I am so glad to get to see this picture. Two is a little doll and I still think of her and feel like she should have been mine.  I am so happy to see she is doing well...and it's hard to believe she is 7 mos now.


----------



## Carefulove (Mar 20, 2009)

Those are some gorgeous dogs!

I don't have the background as I am somewhat new around here, but how do you know they were twins? (Same sac?)


----------



## Kathie (Jul 31, 2008)

Jan, Macy is adorable! I love her big brother with the underbite. We had a black & white Peek-a-poo for years and we thought her underbite was cute, too. One day my SIL mentioned how mean she looked because of her underbite and I didn't say a word but she really hurt my feelings - don't pick on my babies....LOL


----------



## JASHavanese (Apr 24, 2007)

Carefulove said:


> Those are some gorgeous dogs!
> 
> I don't have the background as I am somewhat new around here, but how do you know they were twins? (Same sac?)


Zury there is a whole thread about the twins somewhere in here. Maybe someone will link to it since I don't know how to find it.


----------



## Jill in Mich (Feb 24, 2008)

Look at that cute little Macy - wow, who could have imagined this 7 months ago? What a miracle she is. And I love the underbite too!


----------



## JASHavanese (Apr 24, 2007)

LuvCicero said:


> I am so glad to get to see this picture. Two is a little doll and I still think of her and feel like she should have been mine.  I am so happy to see she is doing well...and it's hard to believe she is 7 mos now.

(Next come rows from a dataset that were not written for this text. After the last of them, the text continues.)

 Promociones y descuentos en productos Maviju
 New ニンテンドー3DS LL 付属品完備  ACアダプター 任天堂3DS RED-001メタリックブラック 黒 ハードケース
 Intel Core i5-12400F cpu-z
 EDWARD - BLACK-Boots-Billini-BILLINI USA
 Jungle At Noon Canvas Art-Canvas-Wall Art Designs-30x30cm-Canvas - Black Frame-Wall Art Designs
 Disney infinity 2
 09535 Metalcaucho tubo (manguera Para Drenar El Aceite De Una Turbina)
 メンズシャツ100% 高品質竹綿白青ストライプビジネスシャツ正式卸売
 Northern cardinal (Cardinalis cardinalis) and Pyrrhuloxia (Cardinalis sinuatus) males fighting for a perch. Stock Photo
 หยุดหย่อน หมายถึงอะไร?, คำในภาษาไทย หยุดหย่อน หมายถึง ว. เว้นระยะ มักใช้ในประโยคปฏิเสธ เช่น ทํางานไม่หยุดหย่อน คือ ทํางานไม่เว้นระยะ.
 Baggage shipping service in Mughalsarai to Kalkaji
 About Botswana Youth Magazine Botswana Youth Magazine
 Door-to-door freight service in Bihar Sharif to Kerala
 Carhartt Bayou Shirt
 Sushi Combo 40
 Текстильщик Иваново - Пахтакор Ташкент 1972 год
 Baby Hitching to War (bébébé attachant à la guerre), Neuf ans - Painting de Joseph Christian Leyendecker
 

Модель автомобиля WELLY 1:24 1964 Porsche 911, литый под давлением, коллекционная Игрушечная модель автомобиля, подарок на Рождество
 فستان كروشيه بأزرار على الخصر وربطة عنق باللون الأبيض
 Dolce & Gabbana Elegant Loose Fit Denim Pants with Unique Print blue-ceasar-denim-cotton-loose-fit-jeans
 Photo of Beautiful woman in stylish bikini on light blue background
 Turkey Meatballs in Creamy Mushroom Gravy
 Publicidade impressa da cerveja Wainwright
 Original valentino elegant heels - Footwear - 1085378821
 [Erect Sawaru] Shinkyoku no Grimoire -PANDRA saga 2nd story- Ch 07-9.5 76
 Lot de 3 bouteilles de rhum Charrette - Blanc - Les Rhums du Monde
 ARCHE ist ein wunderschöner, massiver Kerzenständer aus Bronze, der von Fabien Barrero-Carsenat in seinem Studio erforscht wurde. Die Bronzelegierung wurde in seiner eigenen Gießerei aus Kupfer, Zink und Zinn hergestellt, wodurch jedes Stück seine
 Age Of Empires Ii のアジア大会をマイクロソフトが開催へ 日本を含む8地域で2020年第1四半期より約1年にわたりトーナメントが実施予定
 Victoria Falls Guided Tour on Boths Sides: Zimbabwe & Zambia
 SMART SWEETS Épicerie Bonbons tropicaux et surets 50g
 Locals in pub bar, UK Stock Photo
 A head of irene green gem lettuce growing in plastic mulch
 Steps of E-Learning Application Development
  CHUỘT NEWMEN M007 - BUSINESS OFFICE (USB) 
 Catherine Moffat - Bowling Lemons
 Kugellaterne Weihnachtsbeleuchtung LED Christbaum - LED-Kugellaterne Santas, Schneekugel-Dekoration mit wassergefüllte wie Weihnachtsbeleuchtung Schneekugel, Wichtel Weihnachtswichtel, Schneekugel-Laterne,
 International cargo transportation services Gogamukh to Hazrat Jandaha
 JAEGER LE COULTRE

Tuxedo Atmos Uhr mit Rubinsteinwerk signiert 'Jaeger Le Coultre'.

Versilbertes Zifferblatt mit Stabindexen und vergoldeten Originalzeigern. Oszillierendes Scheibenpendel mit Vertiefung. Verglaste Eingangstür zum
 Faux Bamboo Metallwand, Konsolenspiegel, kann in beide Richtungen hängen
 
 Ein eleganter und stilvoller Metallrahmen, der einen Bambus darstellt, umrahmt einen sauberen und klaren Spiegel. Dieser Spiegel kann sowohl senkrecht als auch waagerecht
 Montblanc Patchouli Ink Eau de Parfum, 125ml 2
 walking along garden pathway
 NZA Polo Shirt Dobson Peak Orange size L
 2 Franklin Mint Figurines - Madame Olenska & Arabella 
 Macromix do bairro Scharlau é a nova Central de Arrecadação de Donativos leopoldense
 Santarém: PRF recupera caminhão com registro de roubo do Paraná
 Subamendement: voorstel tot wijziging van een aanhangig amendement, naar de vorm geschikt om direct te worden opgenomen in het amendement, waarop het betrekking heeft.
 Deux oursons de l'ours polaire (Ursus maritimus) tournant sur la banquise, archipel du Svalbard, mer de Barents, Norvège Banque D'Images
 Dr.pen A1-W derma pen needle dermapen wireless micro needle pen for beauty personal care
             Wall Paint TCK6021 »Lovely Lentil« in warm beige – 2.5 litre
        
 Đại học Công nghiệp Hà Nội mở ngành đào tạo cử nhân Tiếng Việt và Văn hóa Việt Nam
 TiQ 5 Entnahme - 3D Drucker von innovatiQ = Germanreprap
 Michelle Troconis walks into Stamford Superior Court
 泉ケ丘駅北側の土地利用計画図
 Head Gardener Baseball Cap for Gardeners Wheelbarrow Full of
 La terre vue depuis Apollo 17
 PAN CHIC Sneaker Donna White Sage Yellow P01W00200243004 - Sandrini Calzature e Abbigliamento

I know what you mean. Wow was that a roller coaster ride but oh the prayers so freely given by such wonderful people. It really takes her into your heart, doesn't it? These two are so spoiled and even get to do their own goodie shopping since their mommy takes them to work everyday and has a pet boutique. Macy even picks out clothing to wear ound:


----------



## Jill in Mich (Feb 24, 2008)

Here's the heart-wrenching thread on Macy and her twin:

http://havaneseforum.com/showthread.php?t=6075


----------



## JASHavanese (Apr 24, 2007)

Kathie said:


> One day my SIL mentioned how mean she looked because of her underbite and I didn't say a word but she really hurt my feelings - don't pick on my babies....LOL


Ooooooooooh I can imagine how you felt. Don't mess with our babies


----------



## mellowbo (Aug 12, 2007)

Two is so cute and so is the one with the underbite. Lulu has the same underbite and she looks like she is smiling. We saw Lightening at the dog show today. What a cutie! And so sweet.
Carole


----------



## JASHavanese (Apr 24, 2007)

Jill in Mich said:


> Here's the heart-wrenching thread on Macy and her twin:
> 
> http://havaneseforum.com/showthread.php?t=6075


Thank you Jill. Whew, we just read the thread and were crying. Steve saw me crying and came over to see why and we read through the thread together. I wish I could express all of my thanks to so very many of you. You guys were the ones who got my husband on the road to healing and he really needed that. I had you to rely on but he just had me.


----------



## JASHavanese (Apr 24, 2007)

mellowbo said:


> Two is so cute and so is the one with the underbite. Lulu has the same underbite and she looks like she is smiling. We saw Lightening at the dog show today. What a cutie! And so sweet.
> Carole


Oh cripe, I forgot about that! He's still not back in full coat after my failed attempt at speed cording but he's getting there. He just went back in the show ring today since going in 2 times last September.
Edited to say, he took 3rd. Leslie thank you for the great pictures


----------



## pjewel (Apr 11, 2007)

Jan, I can't believe it's seven months already. Time does rush by doesn't it. Two looks wonderful as does her adorable brother. I'm so happy for the life she's leading. God bless that little miracle girl.


----------



## Lynn (Jan 2, 2007)

they are just so cute, thanks for the picture


----------



## JASHavanese (Apr 24, 2007)

pjewel said:


> Jan, I can't believe it's seven months already. Time does rush by doesn't it. Two looks wonderful as does her adorable brother. I'm so happy for the life she's leading. God bless that little miracle girl.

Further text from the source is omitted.